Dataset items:
------------------------------------
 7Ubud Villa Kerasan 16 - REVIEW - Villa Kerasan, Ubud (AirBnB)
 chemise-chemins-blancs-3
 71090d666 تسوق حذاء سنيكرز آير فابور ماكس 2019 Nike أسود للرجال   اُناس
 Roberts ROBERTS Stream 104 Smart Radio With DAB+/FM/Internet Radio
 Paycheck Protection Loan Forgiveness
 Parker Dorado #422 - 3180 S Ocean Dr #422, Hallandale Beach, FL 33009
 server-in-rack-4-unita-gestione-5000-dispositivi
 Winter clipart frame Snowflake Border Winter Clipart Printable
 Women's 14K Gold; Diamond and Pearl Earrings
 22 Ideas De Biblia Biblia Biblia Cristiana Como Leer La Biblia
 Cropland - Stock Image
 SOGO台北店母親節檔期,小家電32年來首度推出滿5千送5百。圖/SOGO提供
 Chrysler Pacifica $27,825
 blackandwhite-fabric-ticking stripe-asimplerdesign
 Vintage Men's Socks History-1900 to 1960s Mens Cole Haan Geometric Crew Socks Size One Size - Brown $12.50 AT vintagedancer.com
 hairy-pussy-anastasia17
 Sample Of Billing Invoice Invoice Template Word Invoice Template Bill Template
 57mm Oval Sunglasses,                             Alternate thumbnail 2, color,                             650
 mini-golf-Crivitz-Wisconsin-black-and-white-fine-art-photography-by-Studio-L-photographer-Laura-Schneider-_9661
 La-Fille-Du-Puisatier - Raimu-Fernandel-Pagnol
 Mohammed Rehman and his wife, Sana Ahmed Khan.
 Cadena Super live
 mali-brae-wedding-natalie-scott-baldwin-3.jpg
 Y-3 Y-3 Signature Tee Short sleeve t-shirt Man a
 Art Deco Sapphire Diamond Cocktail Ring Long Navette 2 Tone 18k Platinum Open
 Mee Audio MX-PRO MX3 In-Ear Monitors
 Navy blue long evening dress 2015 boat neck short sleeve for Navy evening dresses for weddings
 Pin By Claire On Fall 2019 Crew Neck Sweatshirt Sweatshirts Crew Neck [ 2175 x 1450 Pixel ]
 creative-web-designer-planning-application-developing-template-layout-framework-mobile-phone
------------------------------------
Work instructions:
Reproduce the data shown above in its entirety, keeping each word as it is.

Your response:
 7Ubud Villa Kerasan 16 - REVIEW - Villa Kerasan, Ubud (AirBnB)
 chemise-chemins-blancs-3
 71090d666 تسوق حذاء سنيكرز آير فابور ماكس 2019 Nike أسود للرجال   اُناس
 Roberts ROBERTS Stream 104 Smart Radio With DAB+/FM/Internet Radio
 Paycheck Protection Loan Forgiveness
 Parker Dorado #422 - 3180 S Ocean Dr #422, Hallandale Beach, FL 33009
 server-in-rack-4-unita-gestione-5000-dispositivi
 Winter clipart frame Snowflake Border Winter Clipart Printable
 Women's 14K Gold; Diamond and Pearl Earrings
 22 Ideas De Biblia Biblia Biblia Cristiana Como Leer La Biblia
 Cropland - Stock Image
 SOGO台北店母親節檔期,小家電32年來首度推出滿5千送5百。圖/SOGO提供
 Chrysler Pacifica $27,825
 blackandwhite-fabric-ticking stripe-asimplerdesign
 Vintage Men's Socks History-1900 to 1960s Mens Cole Haan Geometric Crew Socks Size One Size - Brown $12.50 AT vintagedancer.com
 hairy-pussy-anastasia17
 Sample Of Billing Invoice Invoice Template Word Invoice Template Bill Template
 57mm Oval Sunglasses,                             Alternate thumbnail 2, color,                             650
 mini-golf-Crivitz-Wisconsin-black-and-white-fine-art-photography-by-Studio-L-photographer-Laura-Schneider-_9661
 La-Fille-Du-Puisatier - Raimu-Fernandel-Pagnol
 Mohammed Rehman and his wife, Sana Ahmed Khan.
 Cadena Super live
 mali-brae-wedding-natalie-scott-baldwin-3.jpg
 Y-3 Y-3 Signature Tee Short sleeve t-shirt Man a
 Art Deco Sapphire Diamond Cocktail Ring Long Navette 2 Tone 18k Platinum Open
 Mee Audio MX-PRO MX3 In-Ear Monitors
 Navy blue long evening dress 2015 boat neck short sleeve for Navy evening dresses for weddings
 Pin By Claire On Fall 2019 Crew Neck Sweatshirt Sweatshirts Crew Neck [ 2175 x 1450 Pixel ]
 creative-web-designer-planning-application-developing-template-layout-framework-mobile-phone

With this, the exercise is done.